Postcards from inside #24. White Terror

Reposted from Limit Experience.

Jing-Mei Human Rights Memorial and Cultural Park, Taipei, December 2015

Co-written with John Hutnyk

Although this will no doubt change in years to come, Jing-Mei currently seems to occupy a tricky position as both memorial site, prison museum and cultural park. It is missing from the current edition of the Taiwan Lonely Planet whose maps of Taipei narrowly crop it off. Both the 2-28 Memorial Park and Museum and the Chiayi Prison museum are given decent attention.

Visiting Jing-Mai on New Year’s Eve (31 December 2015), it was almost completely deserted bar a woman exercising her border collie. Although it was a damp, grey afternoon which over-emphasized the new brutalism of some of the sites architecture, it was still difficult to imagine the appeal of the space as a cultural park in better weather given the proliferation of creative and cultural parks throughout Taipei and Taiwan. The logic of defining the space in relation to other restoration and repurposing also seems problematic given many of these parks such as Huashan 1914 Creative Park (a former winery turned into a series of design-concept stores, cafes, galleries and an arthouse cinema) celebrate culture as consumerism first and foremost.

So who exactly is Jing-Mei aimed at?

The history of the site is documented in the park brochure. Its military education, military prison and military court uses are the stuff of the exhibitions, but especially the ongoing court functions (until 2007) also fold into the emerging story the museum. As with the first displays at Abashiri prison museum in Hokkaido, a portion of the work of the brochure is to document the efforts made to preserve artefacts and buildings for the prison museum – a narrative about itself, which is revealing in its frankly told tale of political manoeuvres. In 2001 the vice president of Taiwan, Annette Lu Hsui-Lin visited and learning that the Ministry of Defence proposed to reconstruct the site, she recommended preservation, and in July 2002 the Human Rights Advisory Panel under the Office of the President tasked the Council of Cultural Affairs to preserve the site as a park. Relocating the Ministry of Defence court functions was largely completed by 2007, and this very valuable and large urban area was renamed, from the ‘Memorial Park of Court Martial During the Communist rebellion’ to, on Human Rights Day, 10th December 2007, as ‘Taiwan Human Rights Jing-mei Park’. Change of Government in Taiwan in 2008 meant another change of name ‘after much deliberation’, with ‘opposition from various human rights groups’ and a public hearing in April 2009 so that in 2010 the park and the facility at Green Island in the south were made a part of the newly announced ‘Taiwan Human Rights Museum’. The brochure ends with a flourish: ‘The objectives of the museum were to preserve the two historic sites and to promote human rights education by fully utilizing the four major functions of museum: to preform studies and research, to handle collections and preservation work, to organise exhibitions and publications, and to educate the public and promote knowledge’ (Brochure of preparatory Office of the National Human Rights Museum, middle pages).

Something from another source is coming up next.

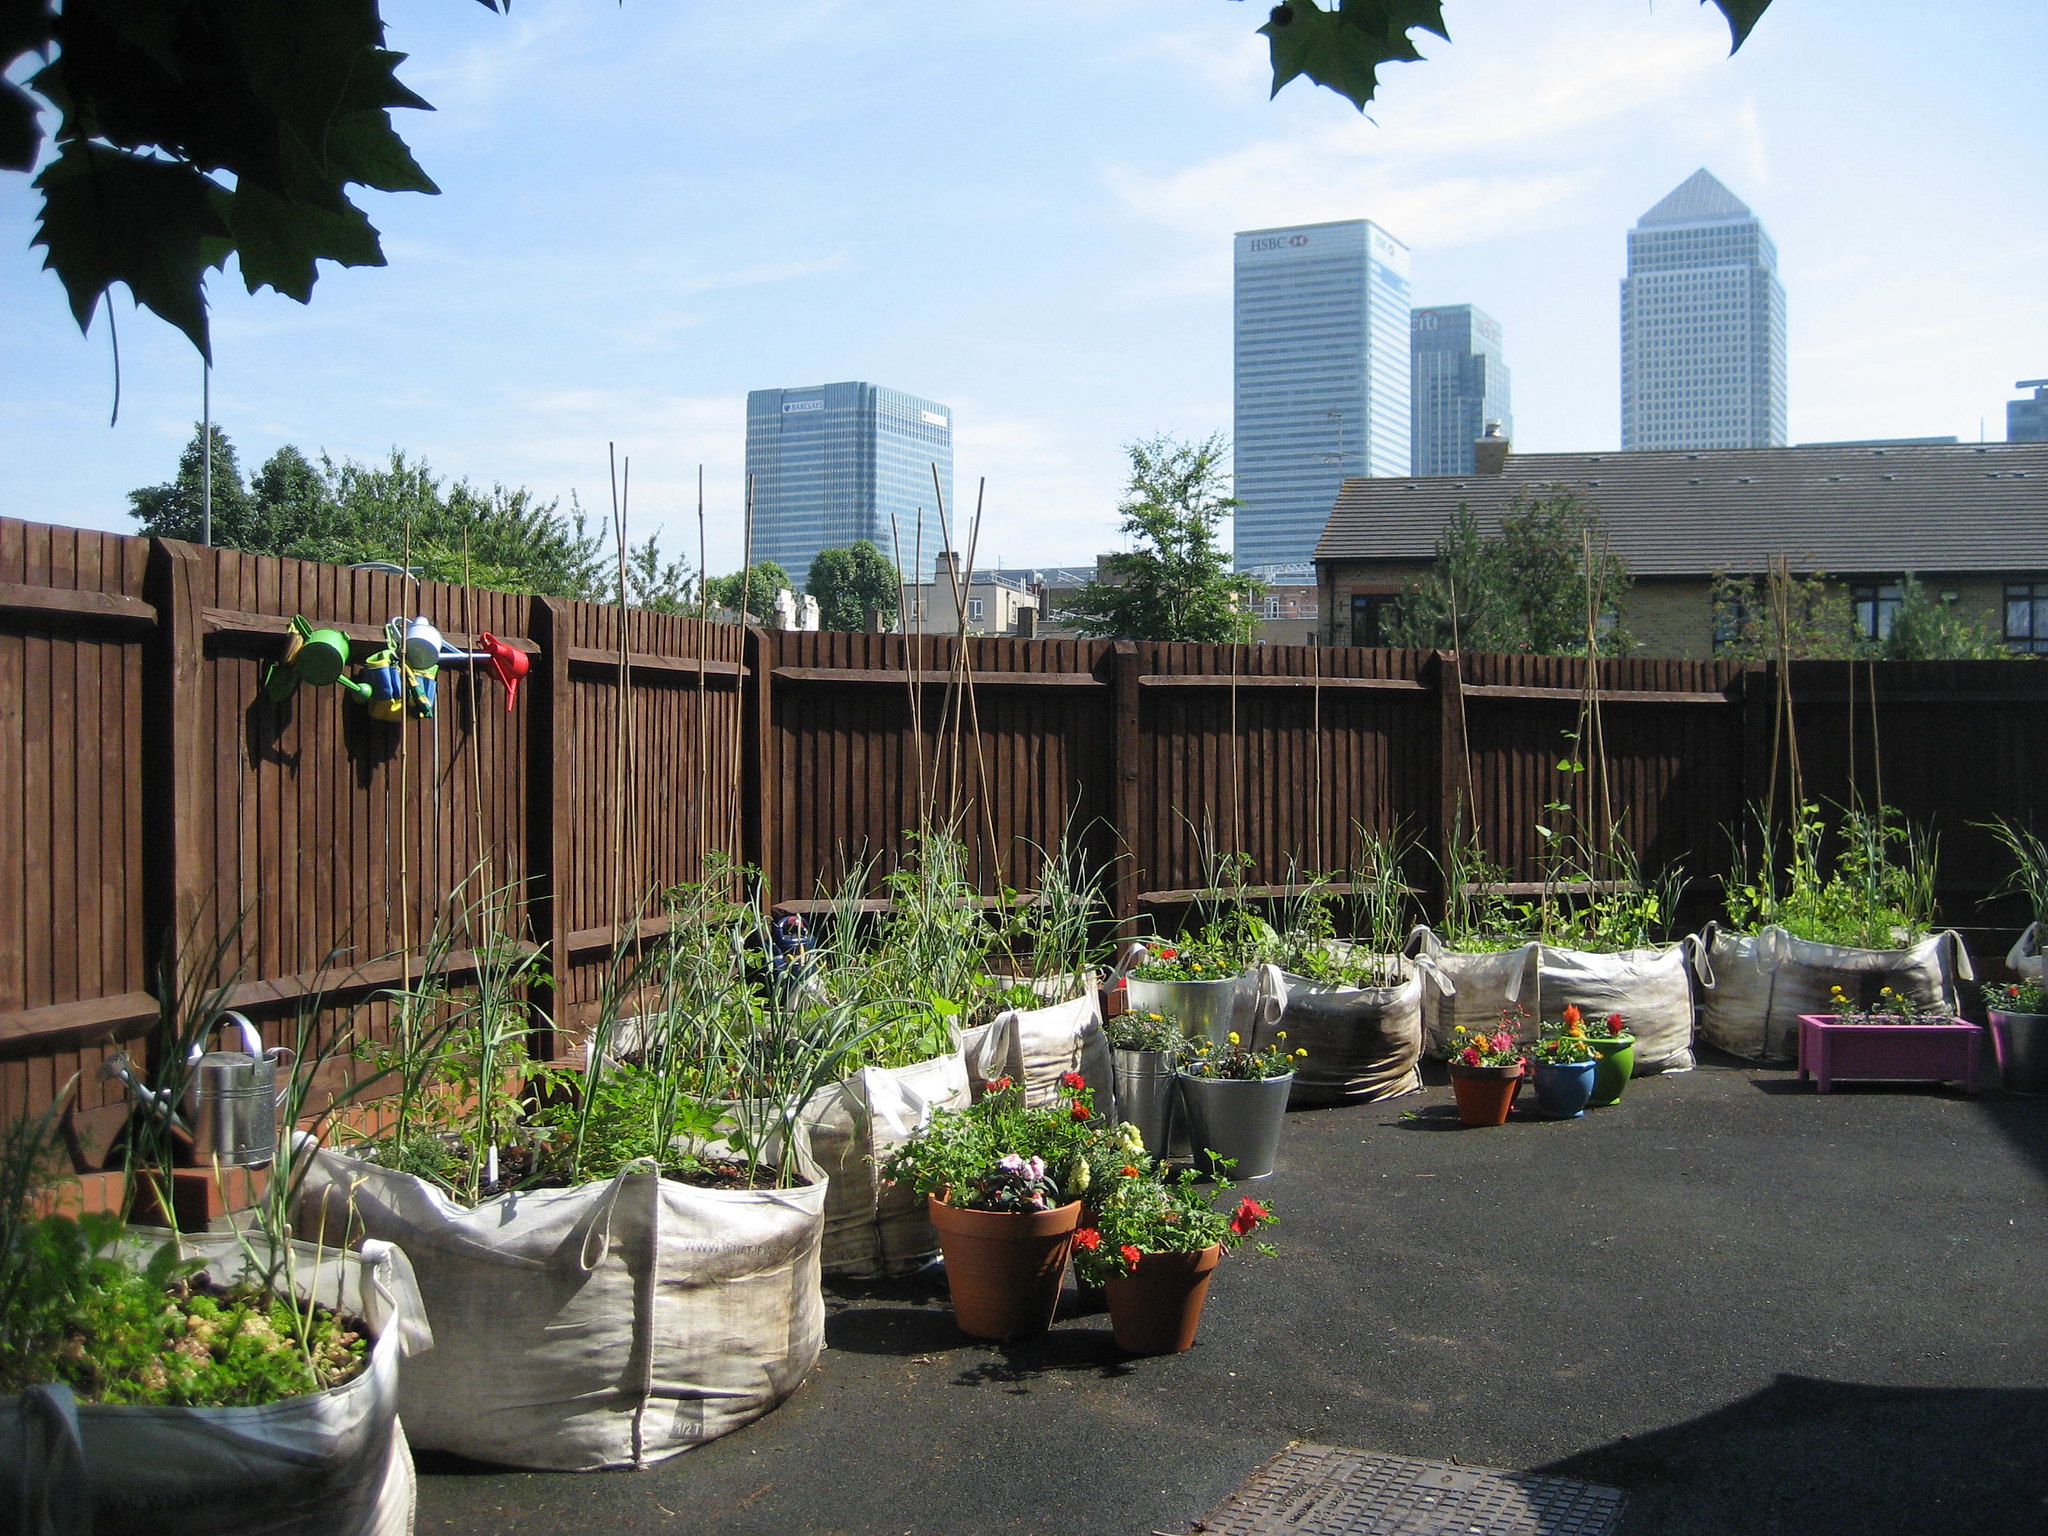 Garden on asphalt using fabric containers.

Having visited Jing-Mei a few days after Chiayi prison museum, it was difficult not to draw direct comparisons between the two sites and to reflect on the ways in which different forms of prison museum underpinned by apparently very different ideologies and political objectives re: audience and narrative might nevertheless be complicit in reproducing dominant discourses on incarceration. The Chiayi inmates were absent but in Jing-Mei they are very much present as dissidents, readers, mistaken identities, unjustly jailed or otherwise put upon victims. They are referred to throughout as ‘victims’ by the English language audio-guide. The narrative of their everyday experience structures the layout of the displays in the buildings, from courtroom and lawyer consultation room (though lawyers are de-emphasized as court appointed) through health and shopping, living quarters (bugs), eating, reading, washing and relaxing. Guards are absent in this case.

There is a strange tension at work where the careful reconstruction of the various living spaces of the prison facilities ‘humanizes’ the experience of those detained there and, as such, does more perhaps to affirm a well-regulated carceral state which includes a prison library, provisions store and visitor room than spaces (such as Chiayi prison museum) now devoid of such markers or in which such referents have been repositioned within glass cabinets.

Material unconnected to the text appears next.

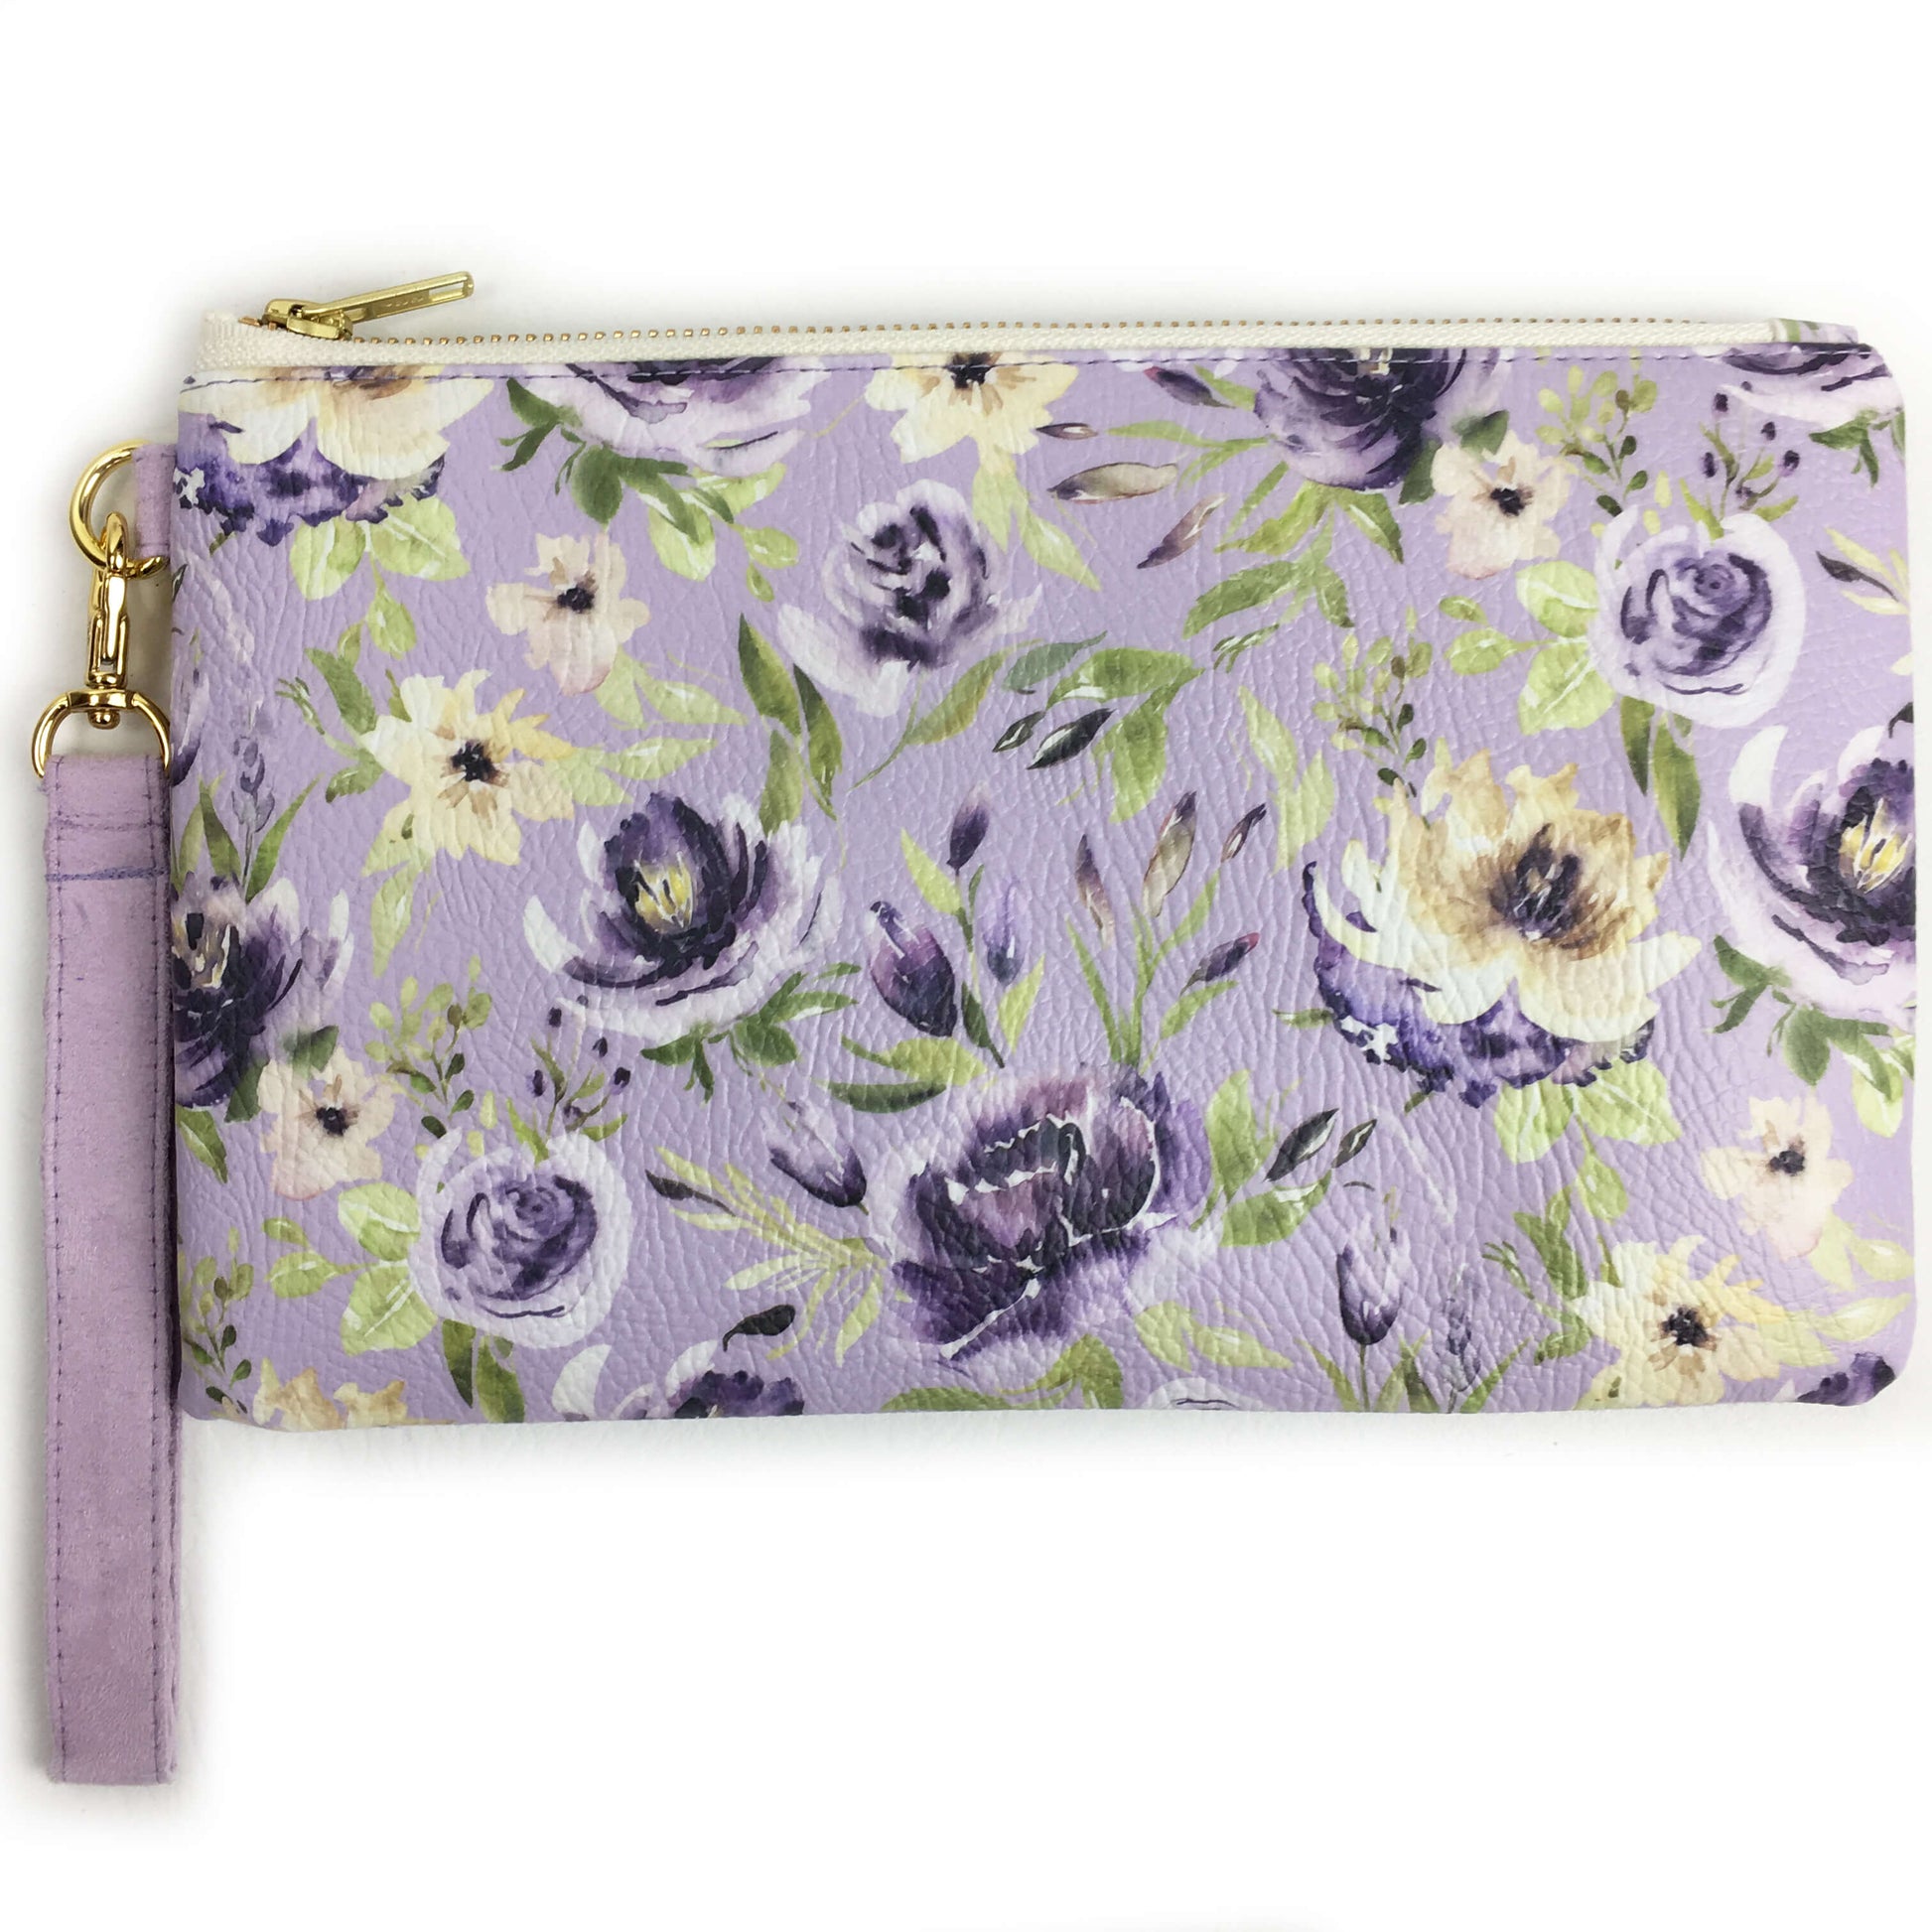 Watercolor mixed floral on lavender wristlet - vegan leather/suede - UndertheLeafDesigns.com

There is an attempt to ‘reconstruct’ objects within the space in which they were used, arrangements on a doctor’s desk, packets and tins on shelves which despite being ‘under glass’ are focused less on the authenticity of the objects (many are replicas or ‘imagined’ as representative of the time and space) and more on creating scenes of snapshots of how life was for those incarcerated under the White Terror than a celebration of relics and fragments taken out of context.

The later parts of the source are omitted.